O termo biblioteca moderna, foi inserido, por meio do desenvolvimento e transformação social, posterior a Renascença, a qual, teve um papel crucial, para a transformação do conceito e desenvolvimento organizacional, das mesmas. Essa definição de biblioteca moderna, foi instituída através de quatro características: laicização, democratização, especialização e socialização, que juntas, cooperaram para dar início, a um novo formato de biblioteca, esta, voltada ao seu público, como foco principal, e não, apenas, as suas obras informacionais.

Assim como pouco a pouco foram desaparecendo as monarquias de direito divino e as universidades monásticas (que sob caráter diferente, reaparecem modernamente);assim como o livro perde o seu caráter de objeto sagrado e secreto para se transformar num instrumento de trabalho posto ao alcance de todas as mãos; assim como toda a vida social submete-se cada vez mais a “documentos” e não a “dogmas” a “contratos” e não a “mandamentos”, á “crítica” e não a “revelações”_ assim também a biblioteca passa a gozar, nos tempos modernos, do estatuto de instituição leiga e civil, pública e aberta ,tendo o seu fim em si mesma e respondendo a necessidades inteiramente novas. (MARTINS, 2002, p. 323).
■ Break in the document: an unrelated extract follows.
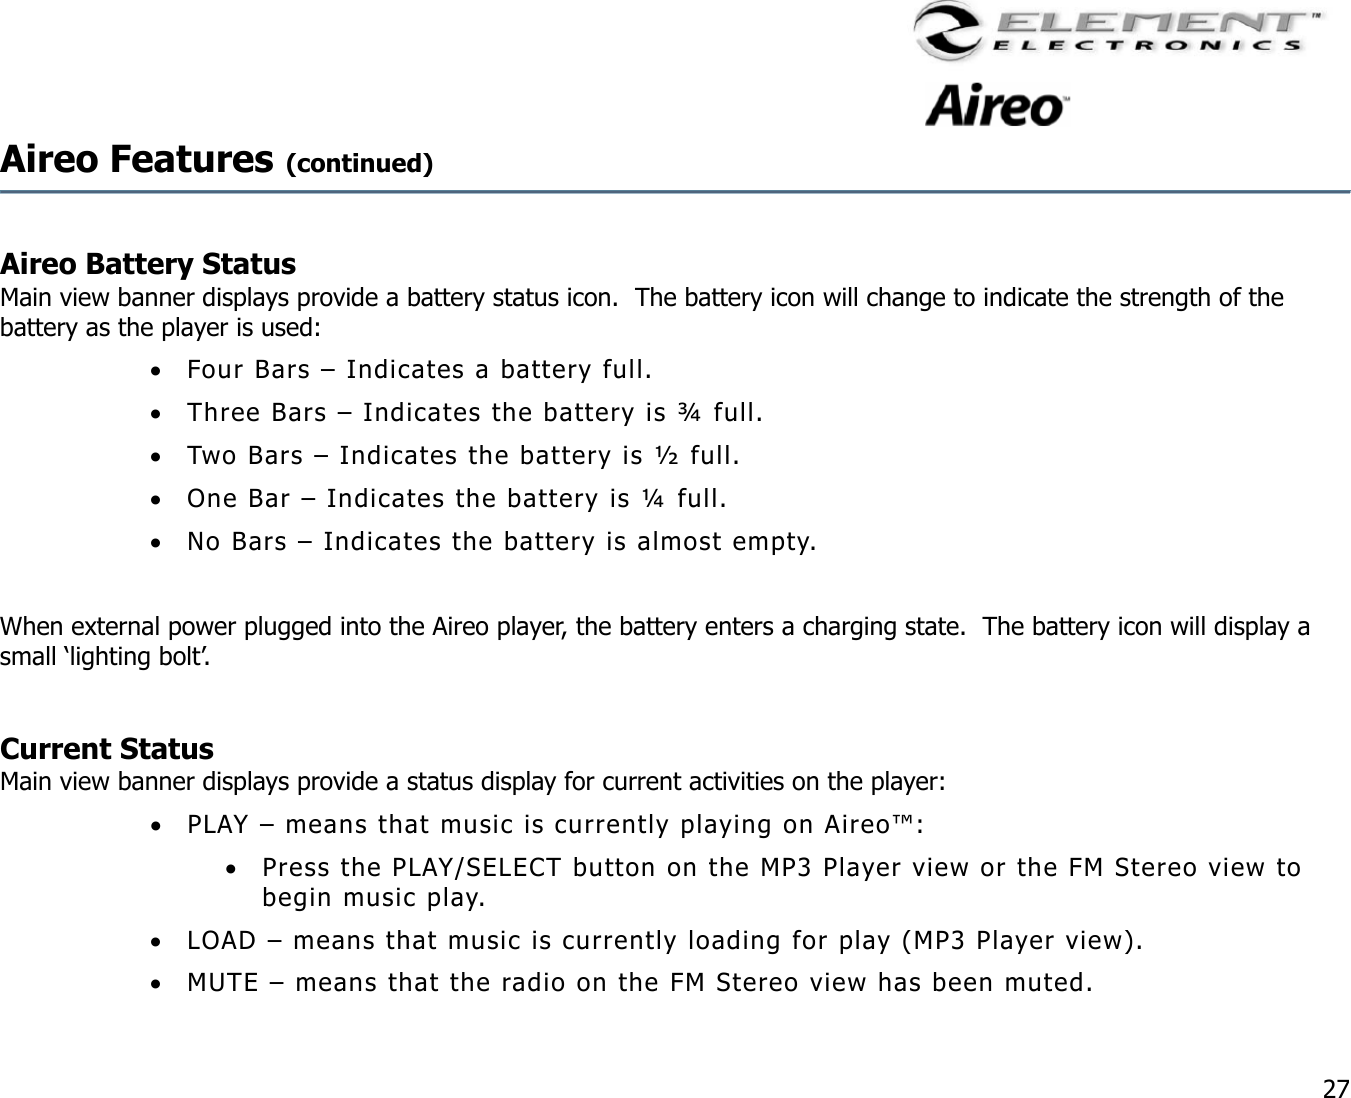                                                                                    27 Aireo Features (continued)    Aireo Battery Status   Main view banner displays provide a battery status icon.  The battery icon will change to indicate the strength of the battery as the player is used: •  Four Bars – Indicates a battery full. •  Three Bars – Indicates the battery is ¾ full. •  Two Bars – Indicates the battery is ½ full. •  One Bar – Indicates the battery is ¼ full. •  No Bars – Indicates the battery is almost empty.  When external power plugged into the Aireo player, the battery enters a charging state.  The battery icon will display a small ‘lighting bolt’.    Current Status Main view banner displays provide a status display for current activities on the player:  •  PLAY – means that music is currently playing on Aireo™: •  Press the PLAY/SELECT button on the MP3 Player view or the FM Stereo view to begin music play. •  LOAD – means that music is currently loading for play (MP3 Player view). •  MUTE – means that the radio on the FM Stereo view has been muted.

As bibliotecas na modernidade chegam para ajudar, no processo de socialização, através do grande fluxo de circulação dos livros, estes, que passam a ter um conteúdo variado, de múltiplas opções e gostos, deixam de ser, obras meramente didática e de cunho religioso e passa a cumprir o papel de universalismos, obras, que atuam para o crescimento e desenvolvimento geral da sociedade, a biblioteca deixa de ser um mero depósito, e passa a exercer, influencia para a sociedade. A seguir, veremos algumas das mais importantes bibliotecas da era moderna.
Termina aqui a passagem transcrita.